What exactly would be the "right circumstances?" You mean, like a continued presence in a place like Afghanistan, where if we just stay another six months, things are sure to get better? Or a place like Syria, where we can certainly convert those Islamist rebels into America-lovers if we just give them some guns and missiles?
I'd like to know what country Fisher had in mind, when he developed this forced analogy.
But before even getting to Korea, are "we" American to begin with? With the Internet being such a huge place chances are "we" are not.
The error is to make a fetish of it. How the United States is viewed in the world is not concretely or directly related to the nation's ability to protect its interests, any more than whether or not a nation is a dictatorship or a democracy. (Yes, some will prattle on about "soft power," but that is pure rubbish. As Leslie Gelb said, "There is no hard power or soft power. There is only power.")
What binds the United States and South Korea is not democracy, nor is it friendly fellow feeling. It is overlapping and coinciding national interests, and it is a mistake for the United States to assume otherwise. So long as they do coincide, all will be well. The interest they no longer do, the United States should not hesitate to move on.
In the case of South Korea, it is a mystery why we persist in defending a peninsula that we engaged in originally in part out of strategic miscalculation and the dynamics of the Cold War. North Korea is no longer the vanguard of an enemy alliance or ideology. It is time to let China, Japan and - oh yes, the fickle South Koreans hold the tiger's tail for a while.
We are a maritime power, and we are at an inherent disadvantage when we are forced to maintain a static defense on the Asian mainland. It is a disadvantage that China has not been slow to exploit, and it make s no sense for us to maintain it just because the South Koreans think well of us - right now.
You are right about that - but shy away from its implications. So long as the United States is defending South Korea - there being only a minimal reciprocal benefit for the U.S. - the North Koreans move us on and off tenterhooks according to their whim.
Take our forces off the peninsula, allow the U.S. - South Korea treaty to expire, and rely on a maritime - essentially air and sea - defense, and the United States regains strategic freedom of action while China is suddenly force to make sure that its patron behaves.
Your history lesson is accurate, but as I say, you do not seem to draw the necessary implications from it. Moreover, absolutely none of this remotely depends on whether or not the South Koreans like us.

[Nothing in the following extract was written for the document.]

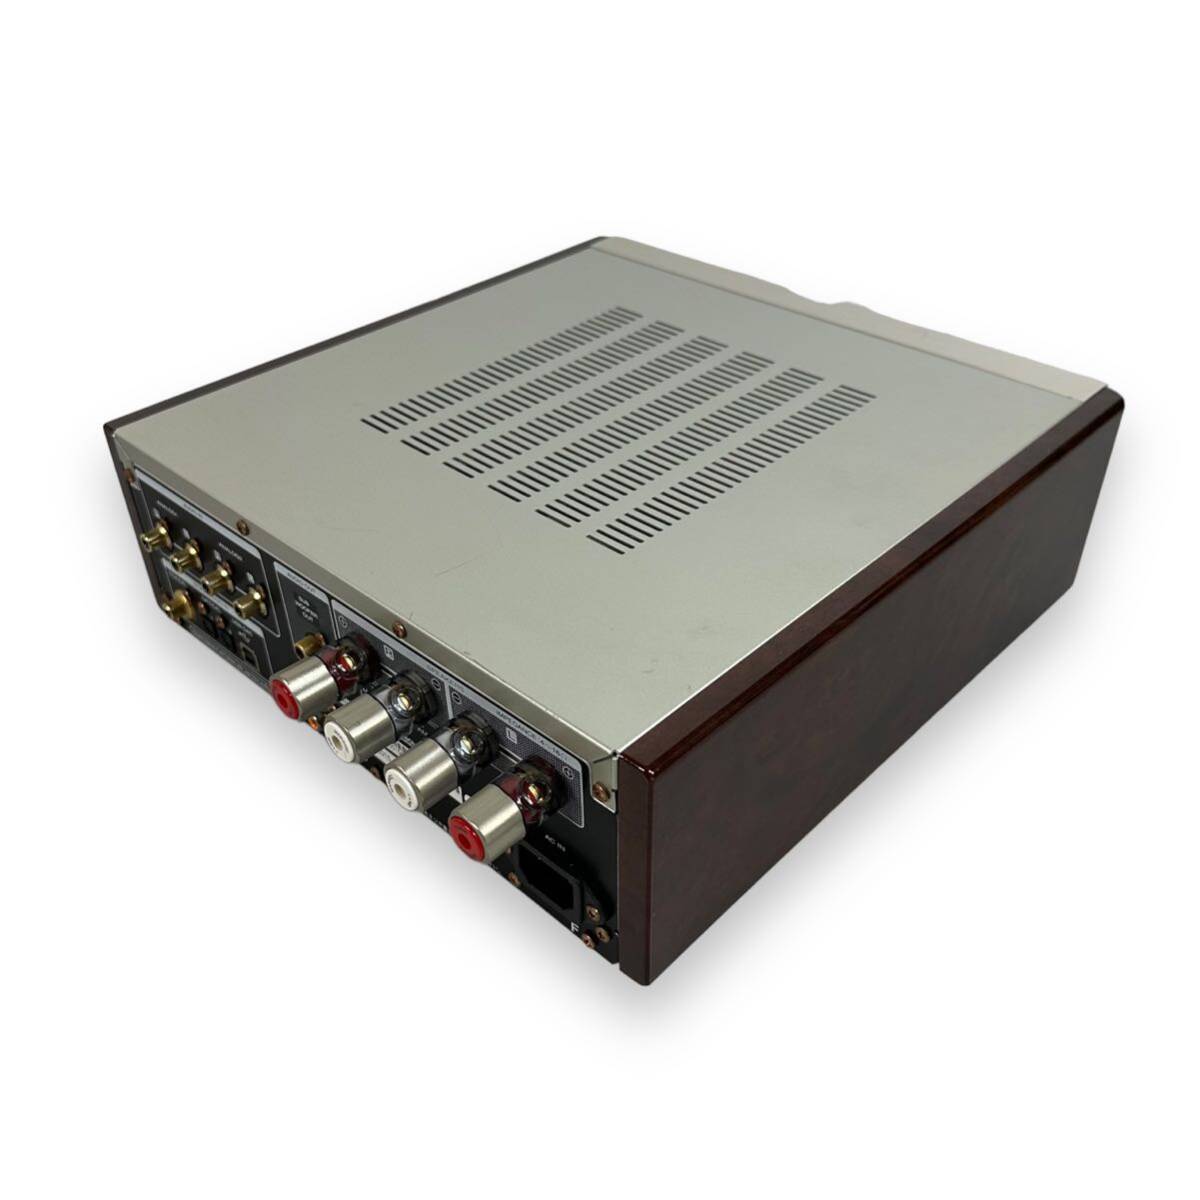 [ превосходный товар ] Marantz Marantz HD-AMP1 основной предусилитель в высоком разрешени источник звука соответствует USB-DAC серебряный Gold HD-AMP1/FN оригинальная коробка с гарантией

In 1988, Seoul hosted the Summer Olympics to worldwide acclaim.
Chun Doo-hwan seized control of the government in 1979. He wasn't a bad guy really: he had his main rival for power, Kim Jae-gyu, the head of the Korean Central Intelligence Agency (KCIA) executed in 1980 in the basement of the Ministry of Defense headquarters across the street from where the US military 4-star commander, General John A. Wickham, Jr., had his headquarters. Kim Jae-gyu was the head of the group that murdered Park Chung-hee who ruled Korea before Chun took power.
Relations between the Republic of Korea (ROK) and the US were tense to say the least for Chun's first few years in office. By 1988, with numerous corruption scandals behind him, Chun announced he would step down and go into a sort of hermitage near Mt. Sorak. The Korean press found this very amusing.
During this time, the United States flew high altitude reconnaissance missions along the ROK side of the DMZ separating the two Koreas.
The North Koreans deployed many SAM (surface to air) missile sites along the DMZ. They were quite clever at moving their Soviet-supplied launchers around these sites and mixing it up with their decoy launchers.
One day in 1982, North Korea fired a SAM-2 (early Soviet version) at a US reconnaissance aircraft flying along its route. Now, the maximum effective altitude range of a SAM-2 is around 60,000 feet, and while the flight ceiling of the reconnaissance aircraft was considerably higher than that. The missile did not intercept the aircraft.
The ROK officers with knowledge of the incident were pretty upset; much more so than US counterparts.
The proposed courses of action – including whether or not to retaliate - were briefed to the US president about 24 hours later.
And since this incident never made the newspapers, now you know what the president decided.
I doubt he has even read Don Oberdorfer's excellent book, The Two Koreas. Mr. Oberdorfer wrote for the
Washington Post for more than 25 years and he spent a considerable amount of time in Korea.
Mr. Fisher may be young and hip, but he is in way over his head and has a long way to do if he wants to
produce quality journalism.
South Korea was always pro-american, but about 10-20 years ago the new generation questioned why they had to put up with U.S. on their soil. North Korea was not a threat any more, right?
Well, that changed. About 10 years ago, North Korea started their nuclear ambitions in earnest, they've been shooting rockets off, and detonated a crude atomic bomb.
And who stood by them? The Americans.
To summarize: The reason the N. Koreans currently love us is because we DIDN'T CHANGE, and we continued to support them.
But, we all know the obvious reason for this high approval of America by the Kenyans, don't we?